● **Your instructions**:
Please restate word for word the lines of the entries below from the one with "Yvonne Henderson, 2014" to the one with "Corporate Business Card Template", inclusive, and leave out every picture.

Task data Block Start

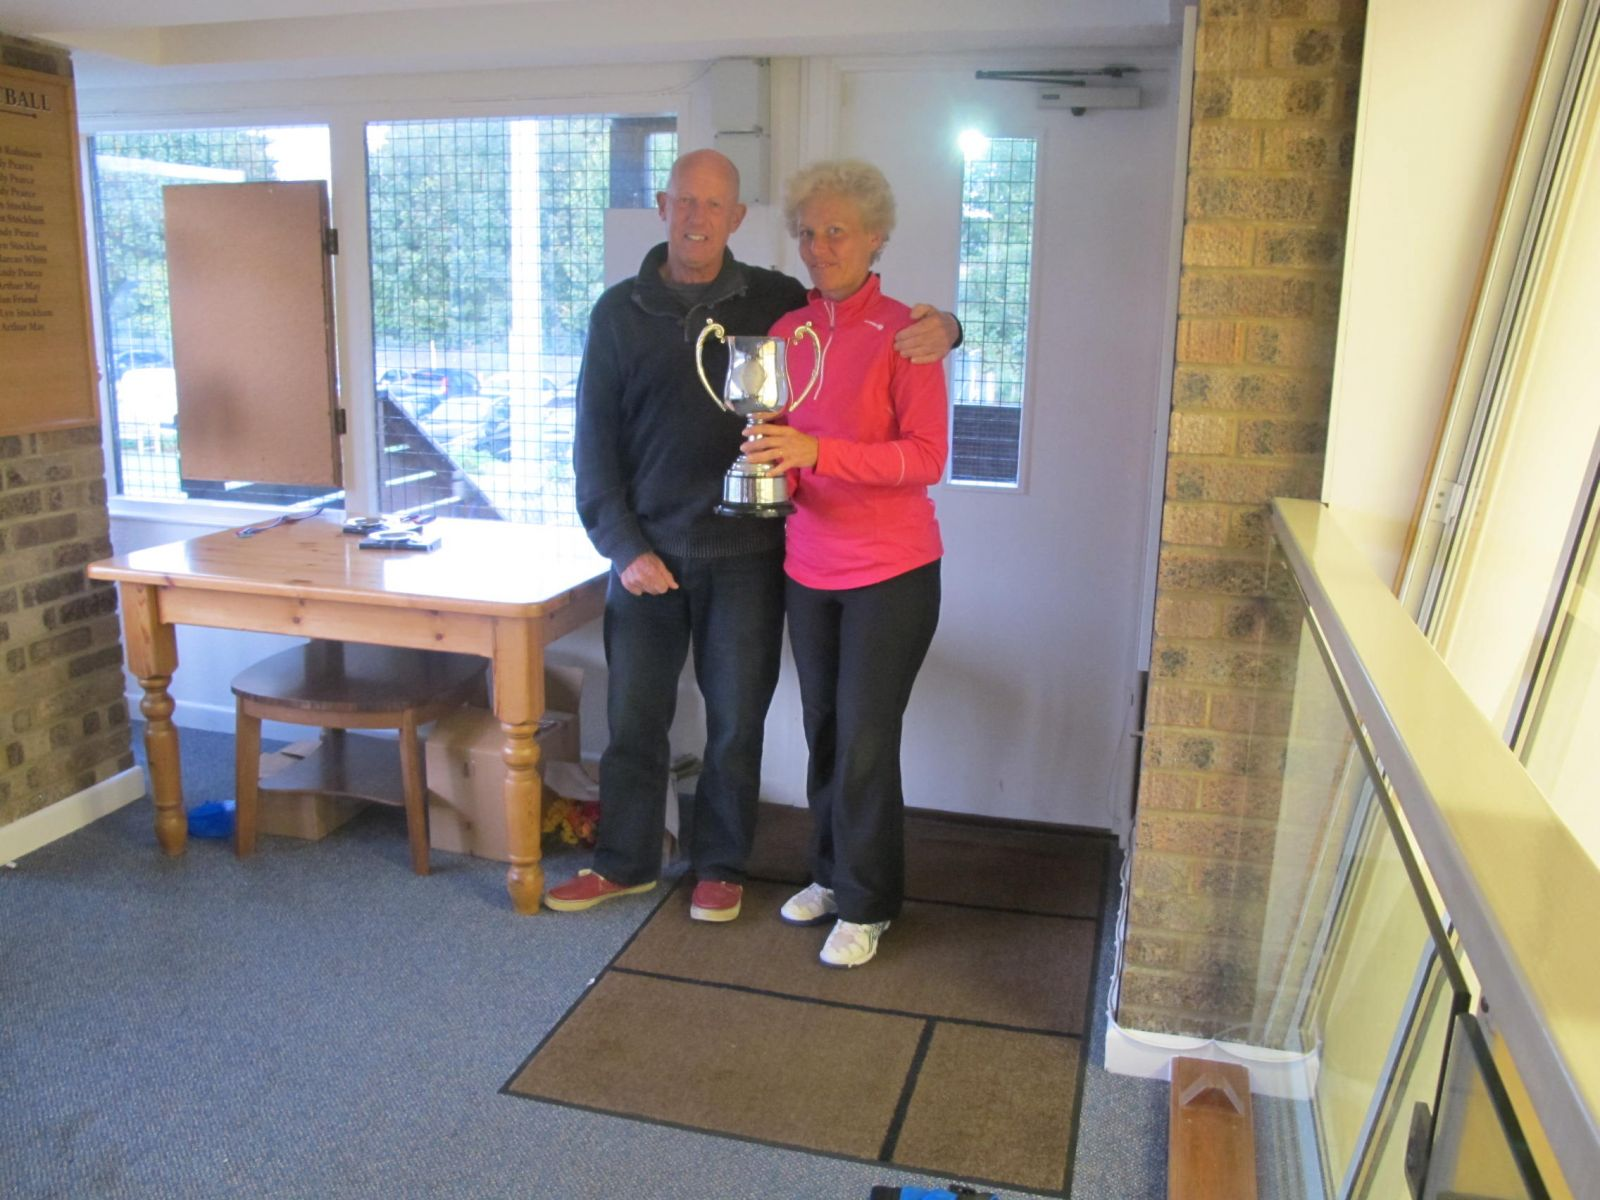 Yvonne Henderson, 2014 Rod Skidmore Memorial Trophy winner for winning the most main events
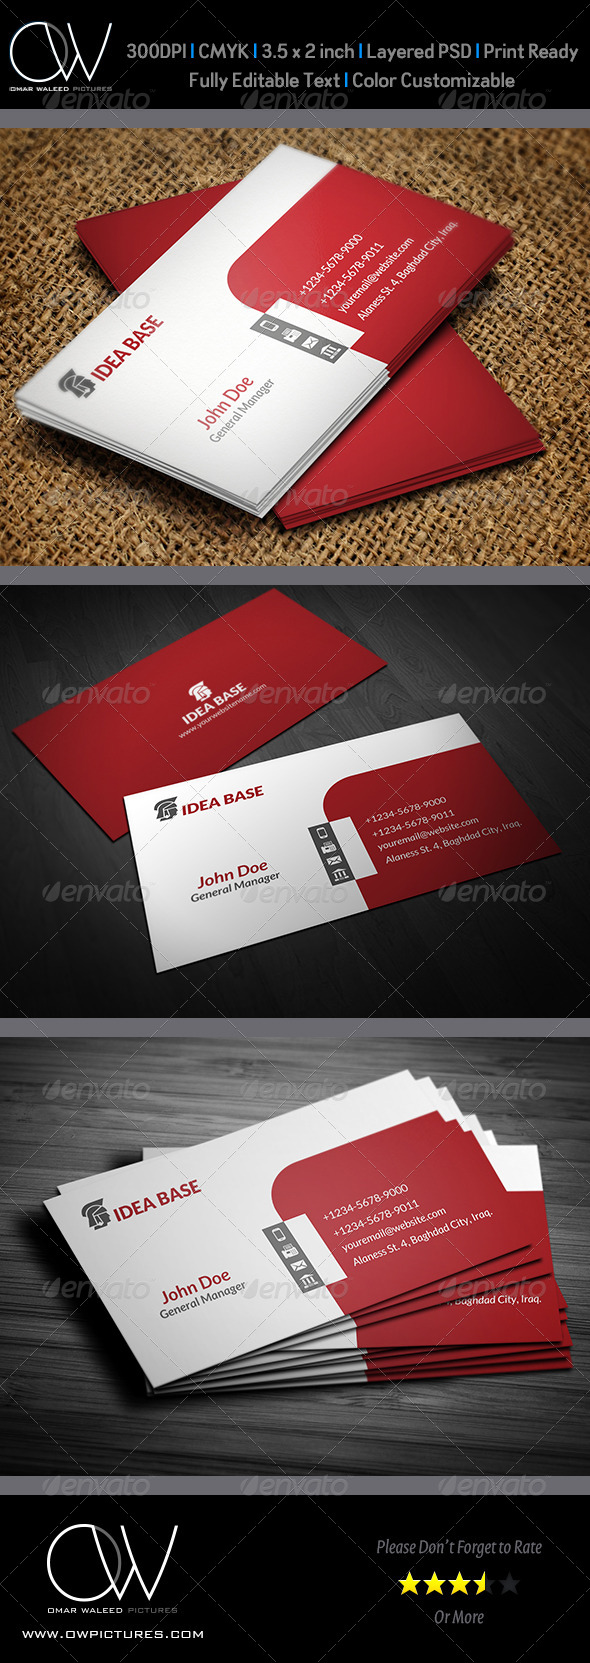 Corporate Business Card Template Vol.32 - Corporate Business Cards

Task data Block End
Task data Block Start

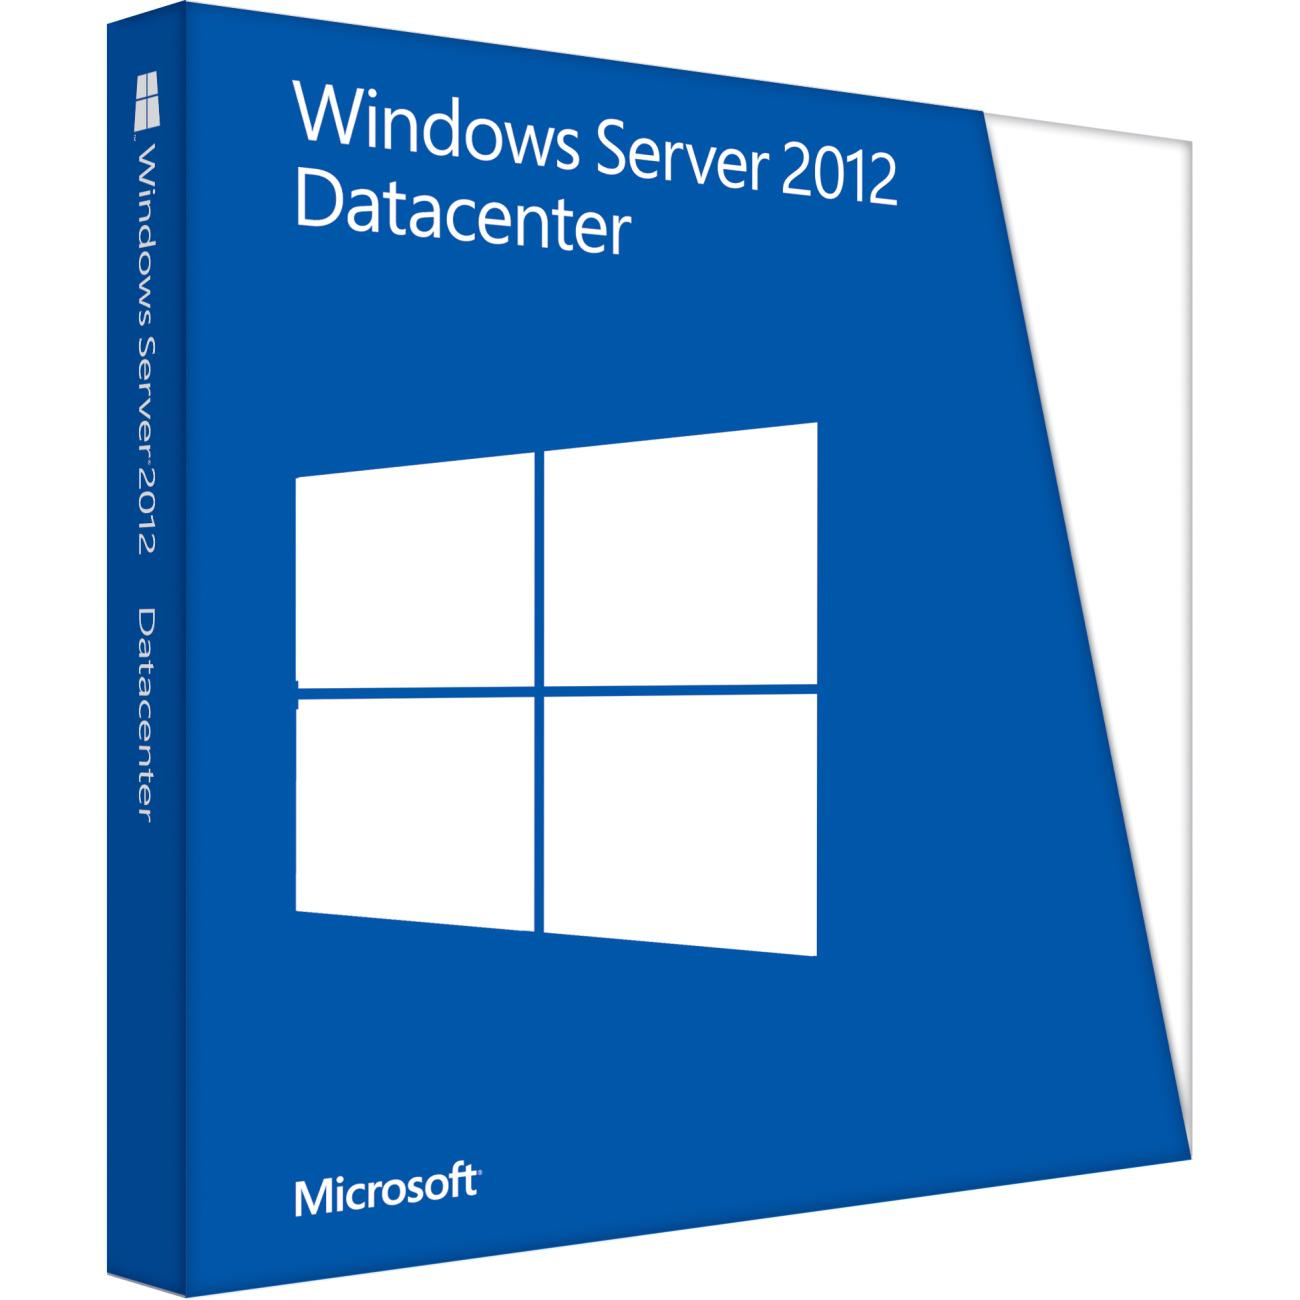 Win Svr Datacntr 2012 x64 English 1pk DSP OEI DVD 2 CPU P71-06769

Task data Block End
Task data Block Start

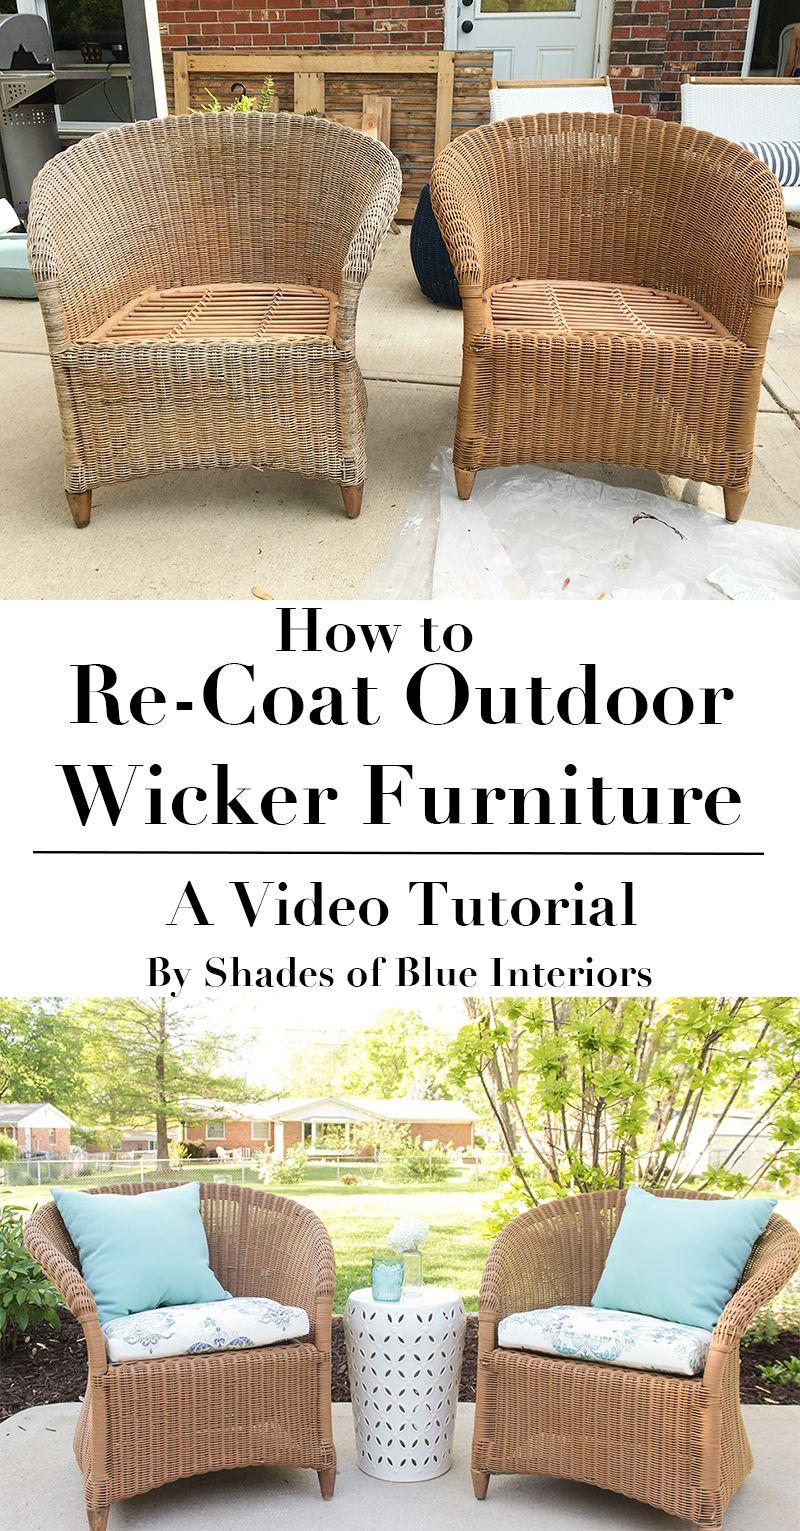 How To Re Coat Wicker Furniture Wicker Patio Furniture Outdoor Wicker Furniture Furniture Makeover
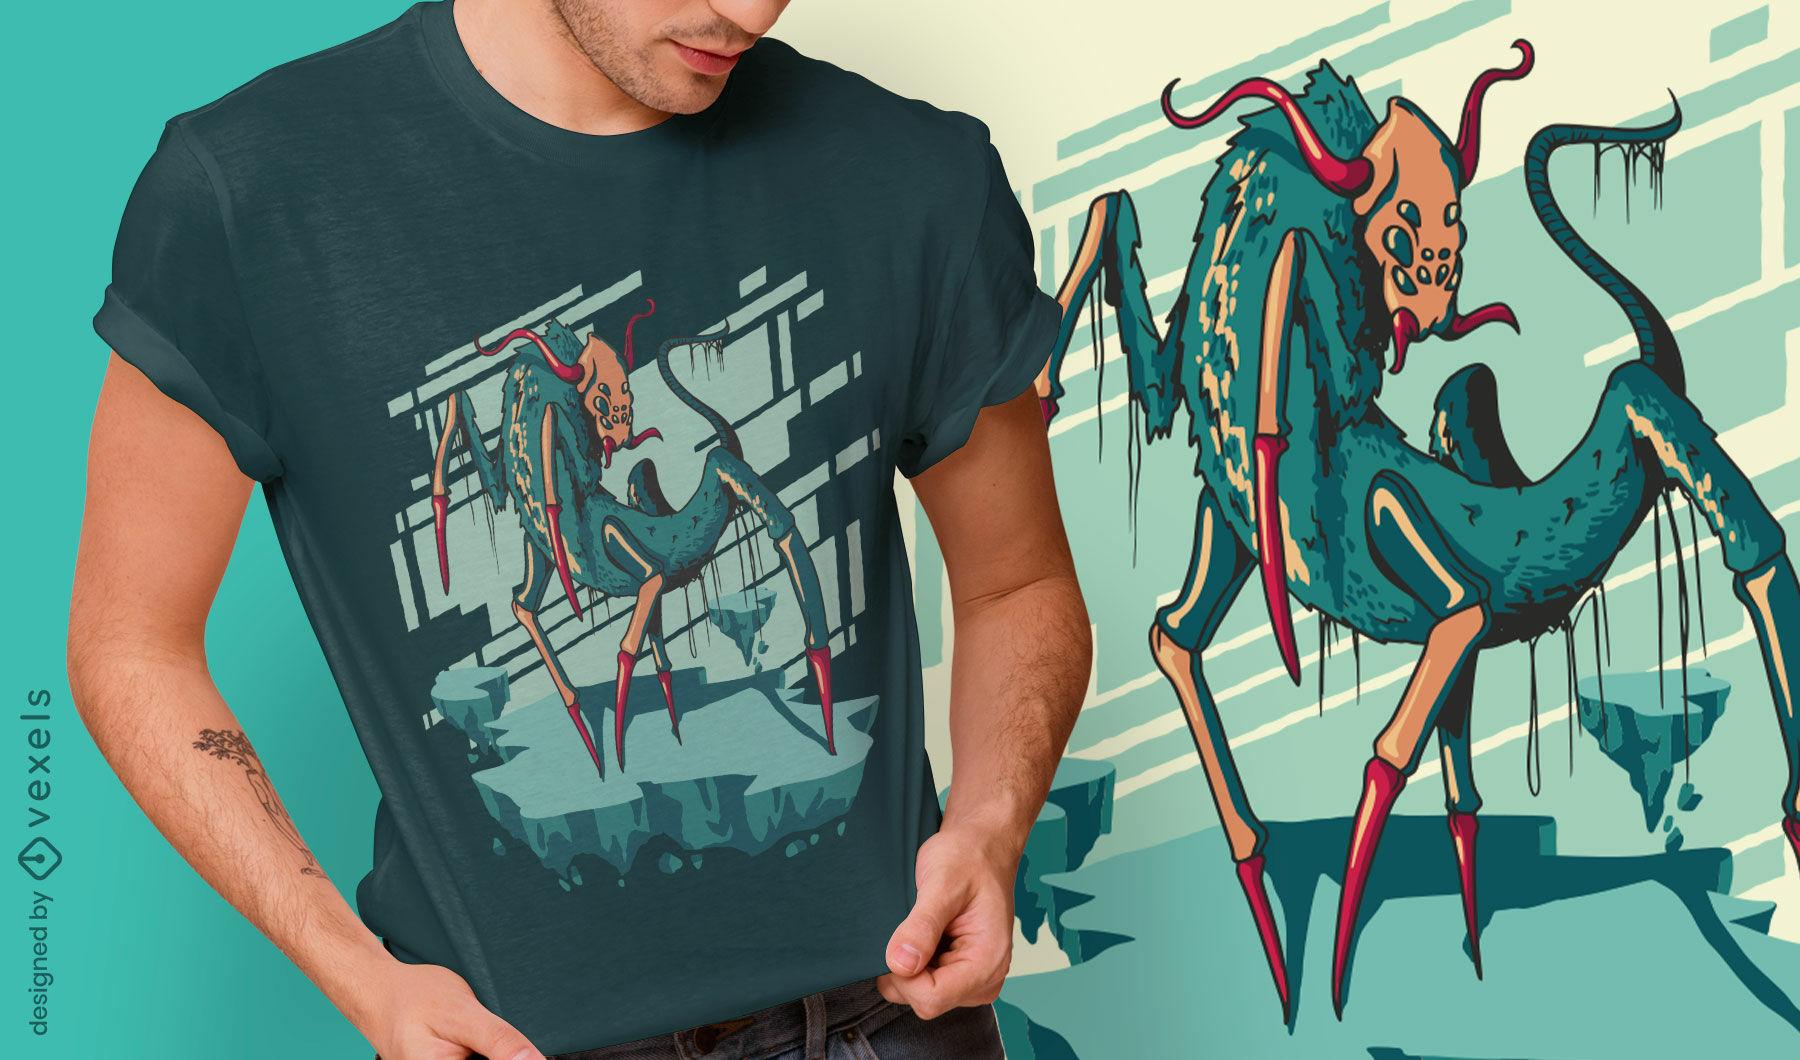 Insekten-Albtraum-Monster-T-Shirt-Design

Task data Block End

● **Written reply**:
 Yvonne Henderson, 2014 Rod Skidmore Memorial Trophy winner for winning the most main events
 Corporate Business Card Template Vol.32 - Corporate Business Cards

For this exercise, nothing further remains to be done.